For engineers, it’s a liberation from grunt work. No more copy-pasting components or translating design specs into front-end code that inevitably gets reworked. Now, they can lean into automating the repeatable and engineering the extraordinary — building smarter tools, focusing on performance, and solving the problems that actually require human ingenuity.
Prototype-and-Prune
Julie Zhuo describes this shift elegantly with her ‘prototype-and-prune’ framework. Rather than spending cycles crafting pixel-perfect mocks and writing verbose PRDs, teams start by rapidly prototyping dozens of ideas. From there, they prune ruthlessly, only nurturing concepts that meet real technological capability, deliver accuracy, and run at production speed. It’s product gardening at its best — playful experimentation followed by decisive editing.
This mindset frees teams to act faster and smarter. Designers and engineers can explore wildly different directions without fear of wasted effort. The stakes are lower when you know pruning is part of the process, and AI is handling the heavy lifting. Instead of months of debate and documentation, you get continuous learning loops — and a product development cycle that feels more like discovery and less like death by committee.

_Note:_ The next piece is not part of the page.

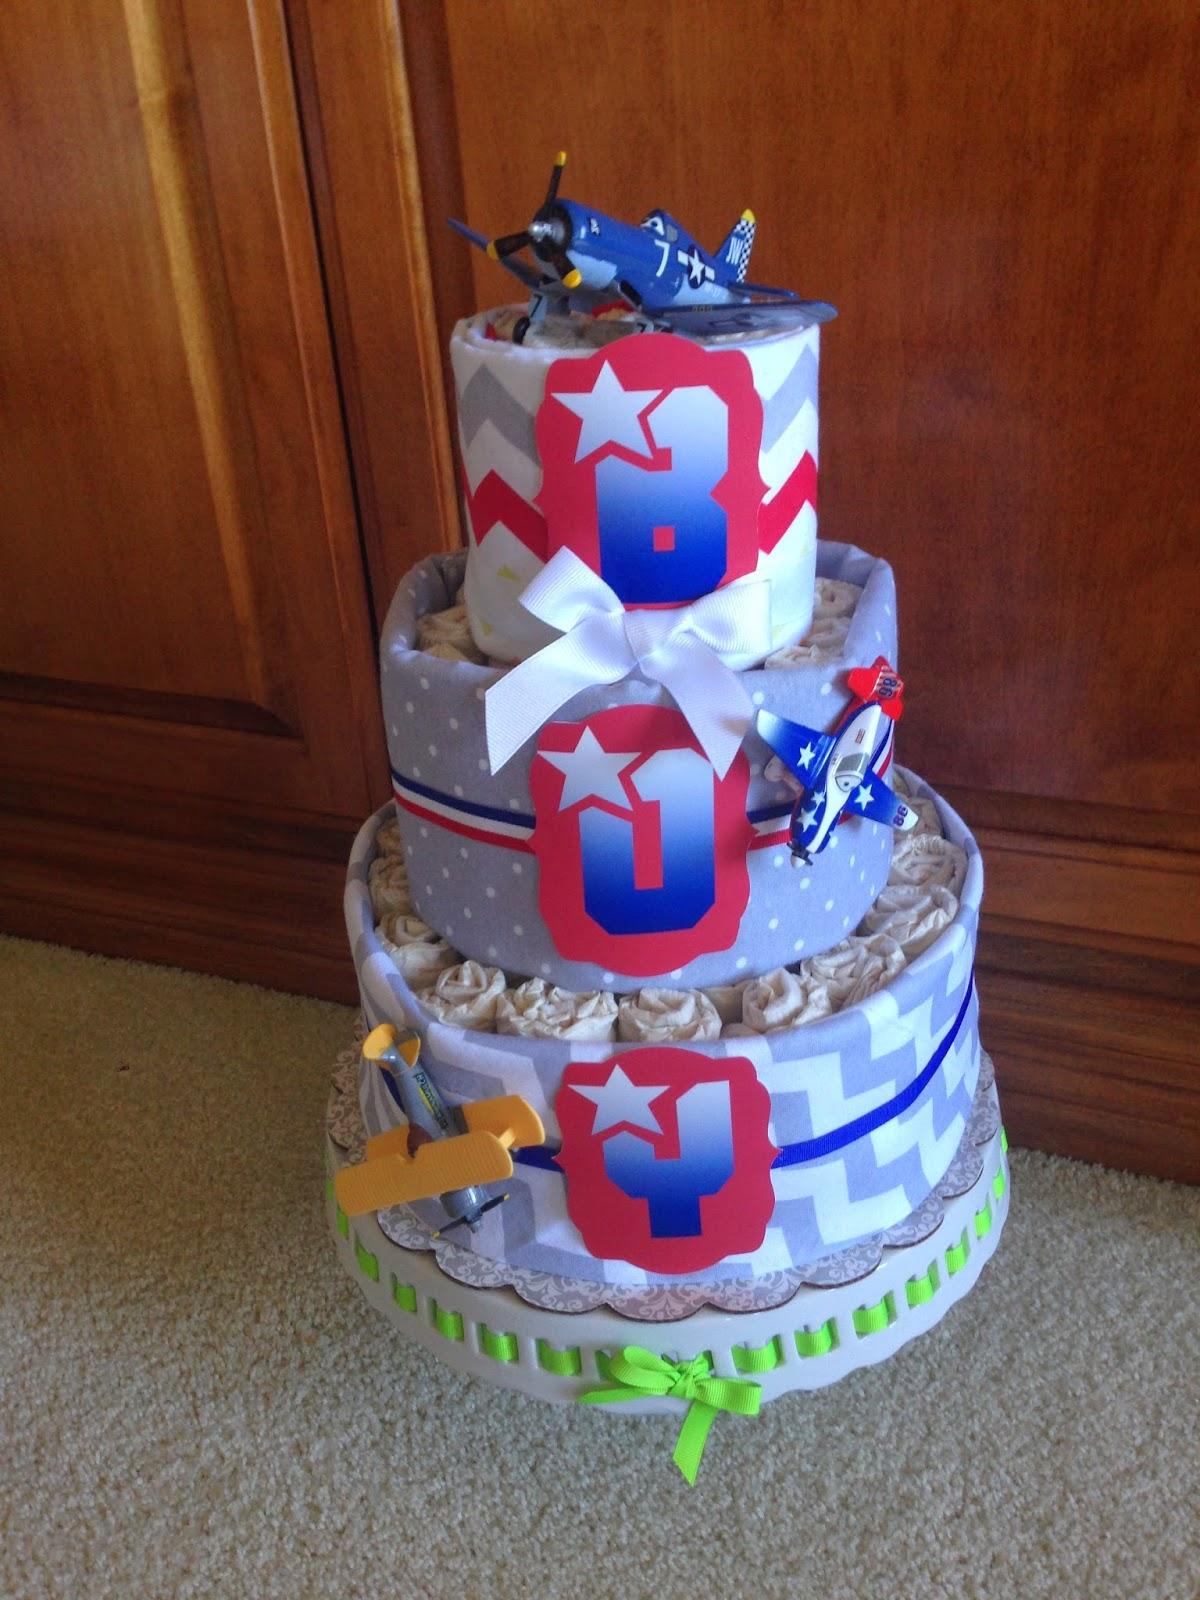 Top Kaylynn Cakes: Diaper Cakes PB63

It’s not the end of design or engineering. It’s the beginning of something more playful, more human, and yes, more fun. The boring stuff is handled. What’s left is the good part: experimenting, refining, creating things you’re proud to ship. So instead of feeling like you’re trapped in another Slack thread about border-radius, you’re back to why you started doing this work in the first place — to make cool things that people love.
A recipe for making digital production fun again
If you’re groaning through another sprint of tedious production work, it’s time to face reality: you love your craft, but most of your time isn’t spent doing the fun, creative parts. That can change.
Start by letting AI take the wheel on the mundane. Feed it structured, validated components from your design system — the good stuff, not yesterday’s spaghetti Figma. Think spinach and avocado, not leftover pizza. With AI doing the heavy lifting, you’re not handing over the creative reins; you’re freeing yourself up to actually be creative again.
Prototype rapidly, prune ruthlessly. Stop designing every button like it’s your thesis project. Say after me, “this isn’t art school.” Systems over screens. Patterns over perfection. And when you’re finally ready to ship, do it with confidence. Use what’s already been tested. No more hoping the dev gods are listening — what you see is what ships. AI handles the grunt work. You handle the taste. You’re the sommelier with a keyboard
Metrics You Can (and Should) Brag About
- Component Reuse Rate: Because reinventing the button 57 times is not a strategy.
- Iteration Speed: Fast, but not so fast that you forget to test it on actual people.
- Handoff Elimination: Fewer Slack messages, fewer migraines.
- Trust Indicators: Less churn. More applause. Maybe even a LinkedIn post or two.
AI Is Your Assistant, Not Your Boss
Yes, AI will make things faster. It will also make it easier to build junk at scale. The winners will be those who stay ruthlessly human — curating, questioning, and taste-making in ways no algorithm can replicate.
So go ahead, automate. But remember: your customers aren’t just data points; they’re people. And people have taste. If your product feels like it was generated by a bored intern named Chad? They’ll notice. And they won’t come back.